LLMs are just surfacing the fact that assessing and managing risk is an acquired, difficult-to-learn skill. Most people don't know what they don't know and fail to think about what might happen if they do something (correctly or otherwise) before they do it, let alone what they'd do if it goes wrong.
The AI is being sold as an expert, not a student. These are categorically different things.
The mistake in the post is one that can be avoided by taking a single class at a community college. No PhD required, not even a B.S., not even an electricians certificate.
So I don't get your point. You're comparing a person in a learning environment to the equivalent of a person claiming to have a PhD in electrical engineering. A student letting the magic smoke escape from a basic circuit is a learnable experience (a memorable one that has high impact), especially when done in a learning environment where an expert can ensure more dangerous mistakes are less likely or non existent. But the same action from a PhD educated engineer would make you reasonably question their qualifications. Yes, humans make mistakes but if you follow the AI's instructions and light things on fire you get sued. If you follow the engineer's instructions and set things on fire then that engineer gets fired likely loses their license.
So what is your point?
The operator is still a factor.
The LLM got it to “working” state, but the people operating it didn’t understand what it was doing. They just prompt until it looks like it works and then ship it.
The parents are saying they'd rather vibe code themselves than trust an unproven engineering firm that does(n't) vibe code.
You could cut the statement short here, and it would still be a reasonable position to take these days.
LLMs are still complex, sharp tools - despite their simple appearance and proteststions of both biggest fans and haters alike, the dominating factor for effectiveness of an LLM tool on a problem is still whether or not you're holding it wrong.
That hasn't, universally, been my experience. Sometimes the code is fine. Sometimes it is functional, but organized poorly, or does things in a very unusual way that is hard to understand.
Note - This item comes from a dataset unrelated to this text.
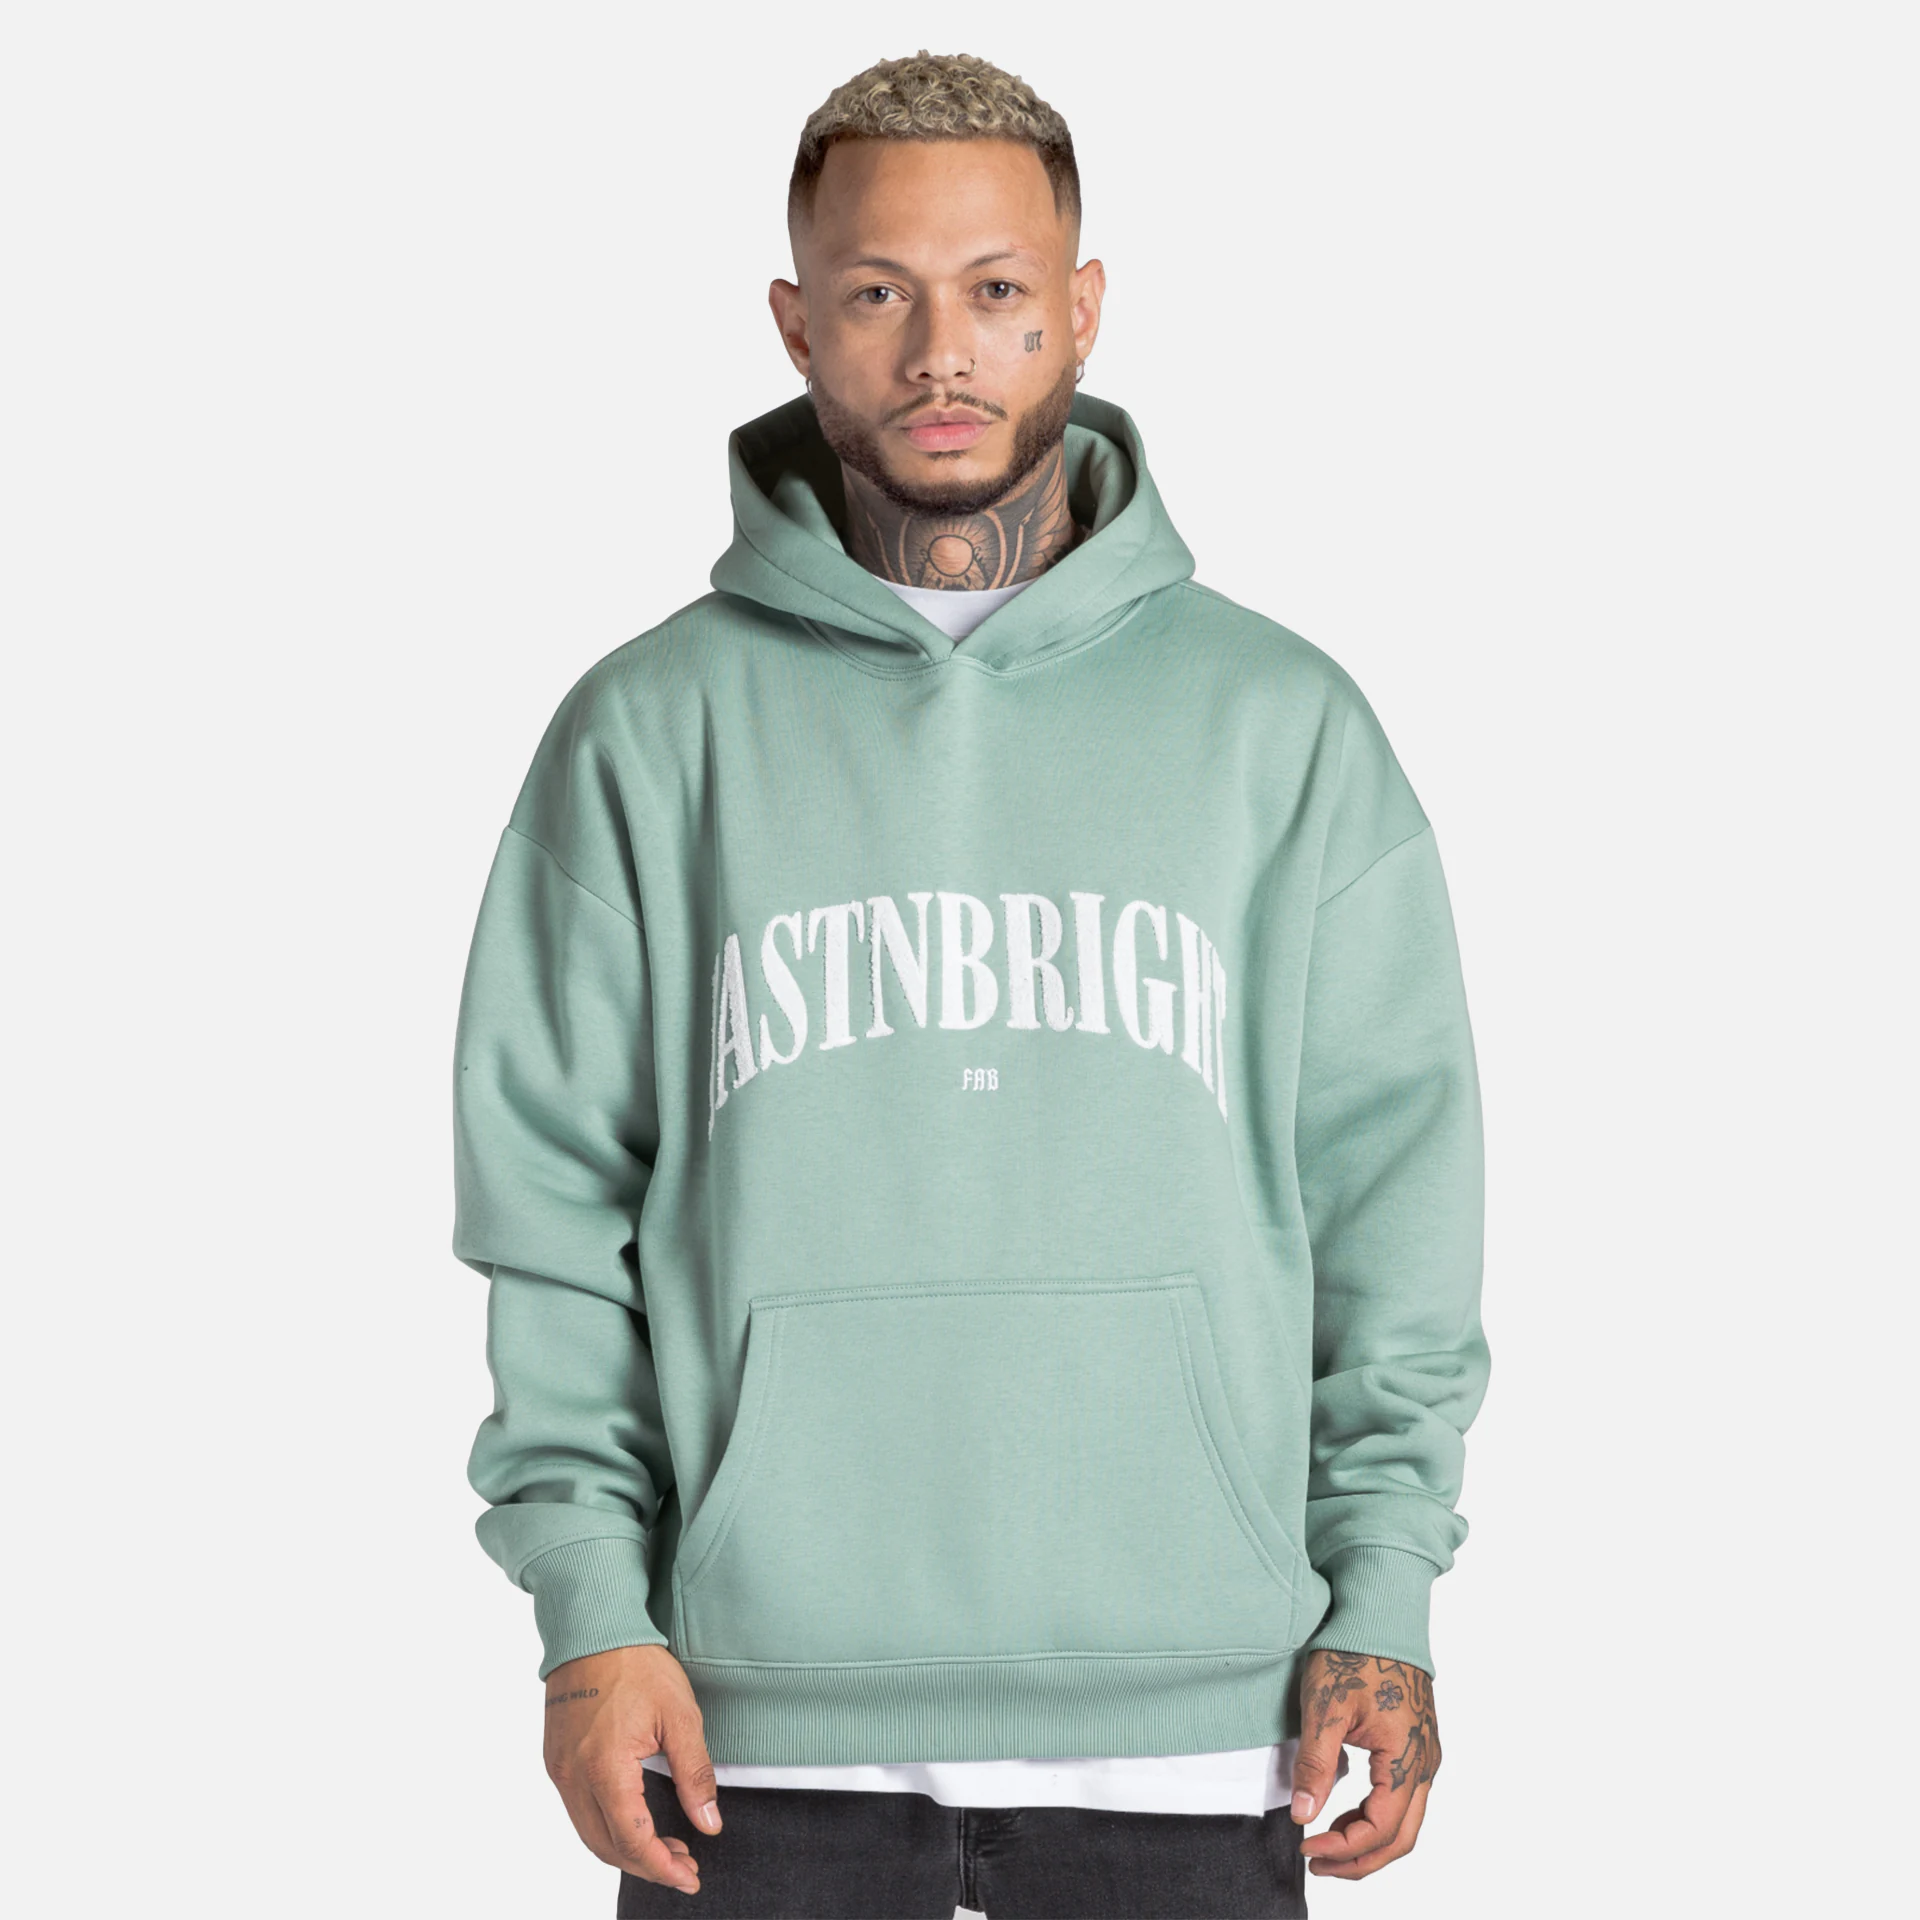 Fast and Bright FAB Hoodie Mint

And sometimes it produces code that might work sometimes but misses important edge cases and isn't robust at all, or does things in an incredibly slow way.
> They have no problem writing tedious guards against edge cases that humans brush off.
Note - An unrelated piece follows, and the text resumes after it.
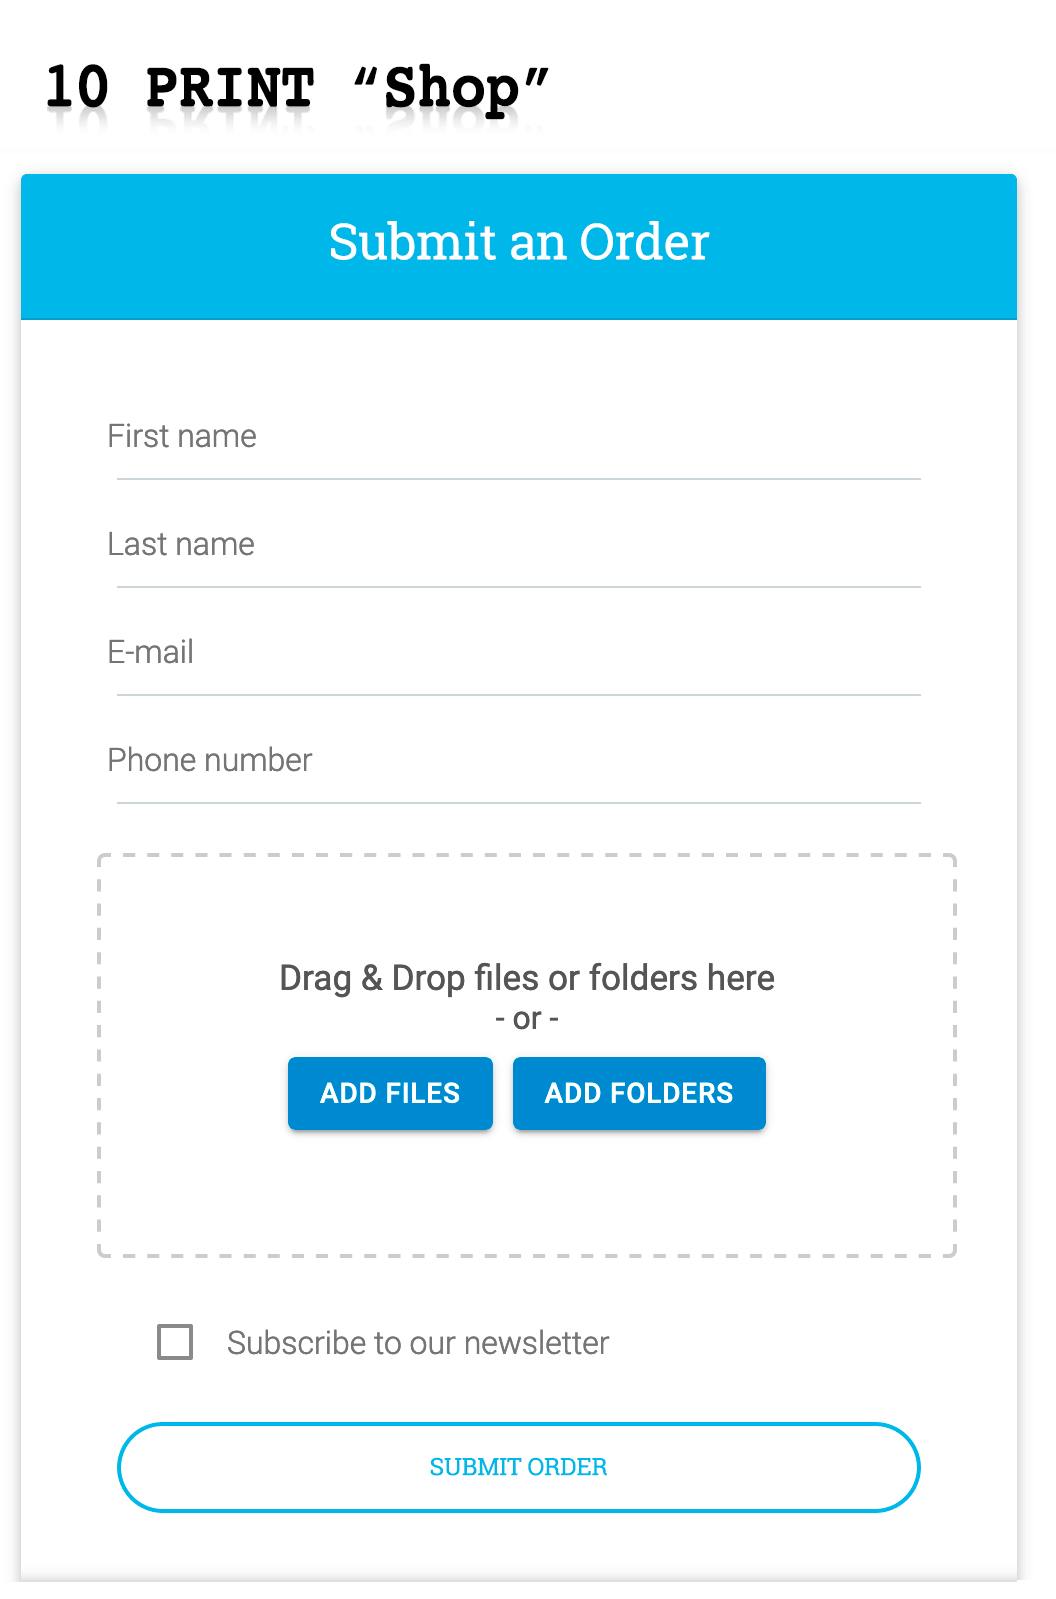 Integrate form on your website to receive files directly.

The flip side of that is that instead of coming up with a good design that doesn't have as many edge cases, it will write verbose code that handles many different cases in similar, but not quite the same ways.
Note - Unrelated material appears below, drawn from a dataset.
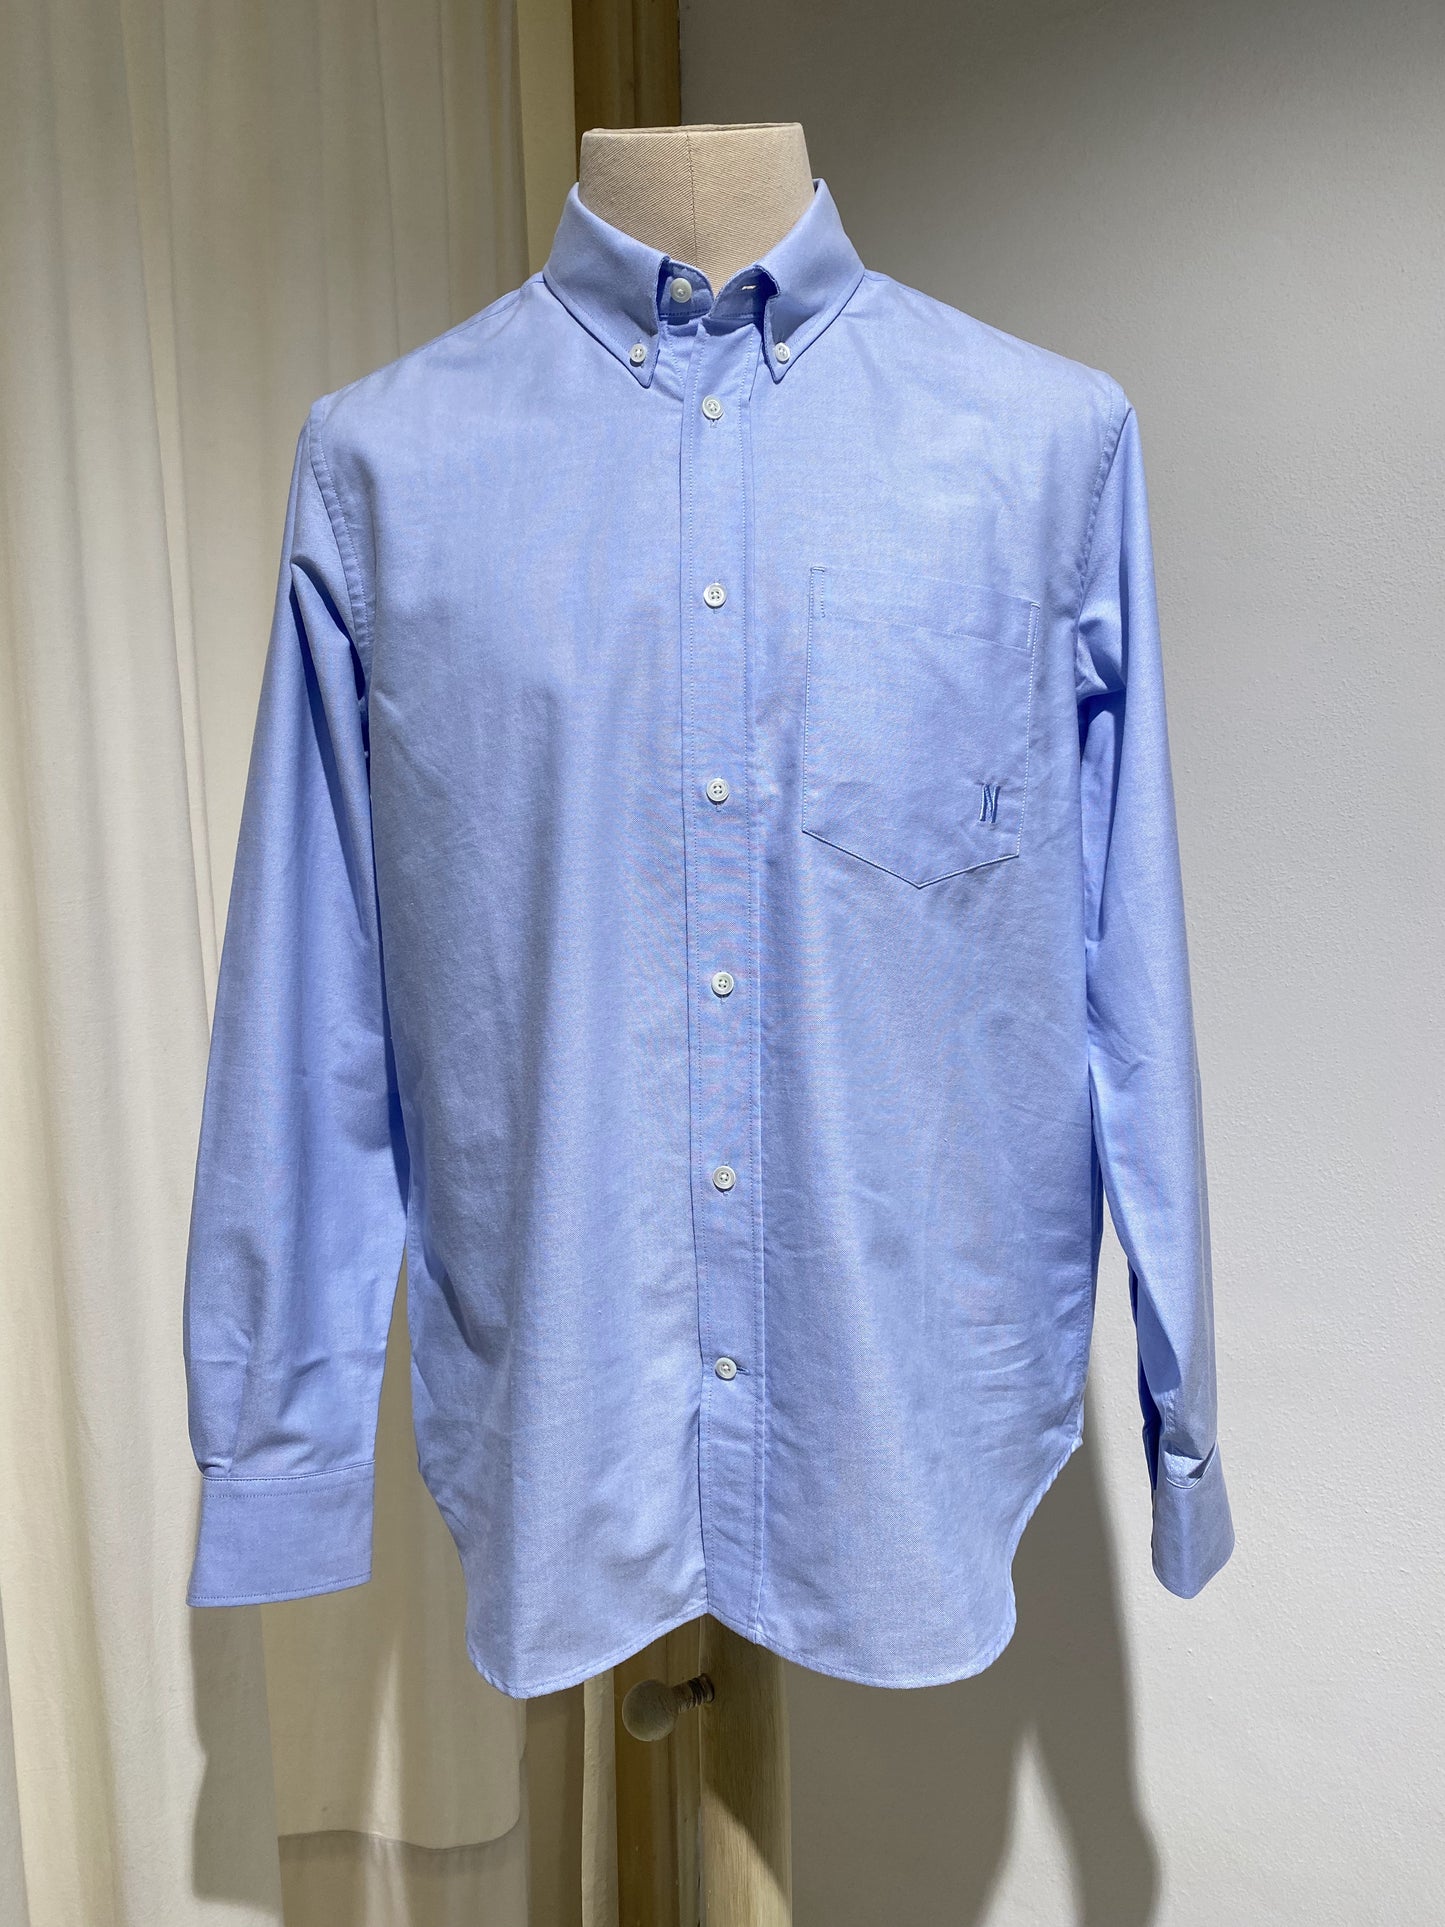 M BOTTON DOWN SHIRT NORSE PROJECTS SKY BLUE

> They also keep comments up to date and obsess over tests.
Sure but they will often make comments or tests that aren't actually useful, or modify tests to succeed instead of fixing the code.
One significant danger of LLMs is that the quality of the output is higly variable and unpredictable.
That's ok, if you have someone knowledgeable reviewing and correcting it. But if you blindly trust it, because it produced decent results a few times, you'll probably be sorry.
> Sure but they will often make comments or tests that aren't actually useful, or modify tests to succeed instead of fixing the code.
I've been deeply concerned that there's been a rise of TDD. I thought we already went through this and saw its failure. But we're back to we're people cannot differentiate "tests aren't enough" from "tests are useless". The amount of faith people put into tests is astounding. Especially when they aren't spending much time analyzing the tests and understanding their coverage. > They don't take shortcuts or resort to ugly hacks.
My experience is quite different > They have no problem writing tedious guards against edge cases that humans brush off.
Ditto.I have a hard time getting them to write small and flexible functions. Even with explicit instructions about how a specific routine should be done. (Really easy to produce in bash scripts as they seem to avoid using functions, but so do people, but most people suck at bash) IME they're fixated on the end goal and do not grasp the larger context (which is often implicit though I still find difficulty when I'm highly explicit. Which at that point it's usually faster to write myself)
It also makes me question context. Are humans not doing this because they don't think about it or because we've been training people to ignore things? How often do we hear "I just care that it works?" I've only heard that phrase from those that also love to talk about minimum viable products because... frankly, who is not concerned if it works? That's always been a disagreement about what is sufficient. Only very junior people believe in perfection. It's why we have sayings like "there's no solution more permanent than a temporary fix that works". It's the same people who believe tests are proof of correctness rather than a bound on correctness. The same people who read that last sentence and think I'm suggesting to not write tests or believe tests are useless.
I'd be concerned with the LLM operator quite a bit because of this. Subtle things are important when instructing LLMs. Subtle things in the prompts can wildly change the output
It gave up, removed the code it had written directly accessing the correct property, and replaced it with a new function that did a BFS to walk through every single field in the API response object while applying a regex "looksLikeHttpsUrl" and hoping the first valid URL that had https:// would be the correct key to use.
On the contrary, the shift from pretraining driving most gains to RL driving most gains is pressuring these models resort to new hacks and shortcuts that are increasingly novel and disturbing!
So, will they? Probably. Can you trust the kind of LLM that you would use to do a better job than the cheapest firm? Absolutely.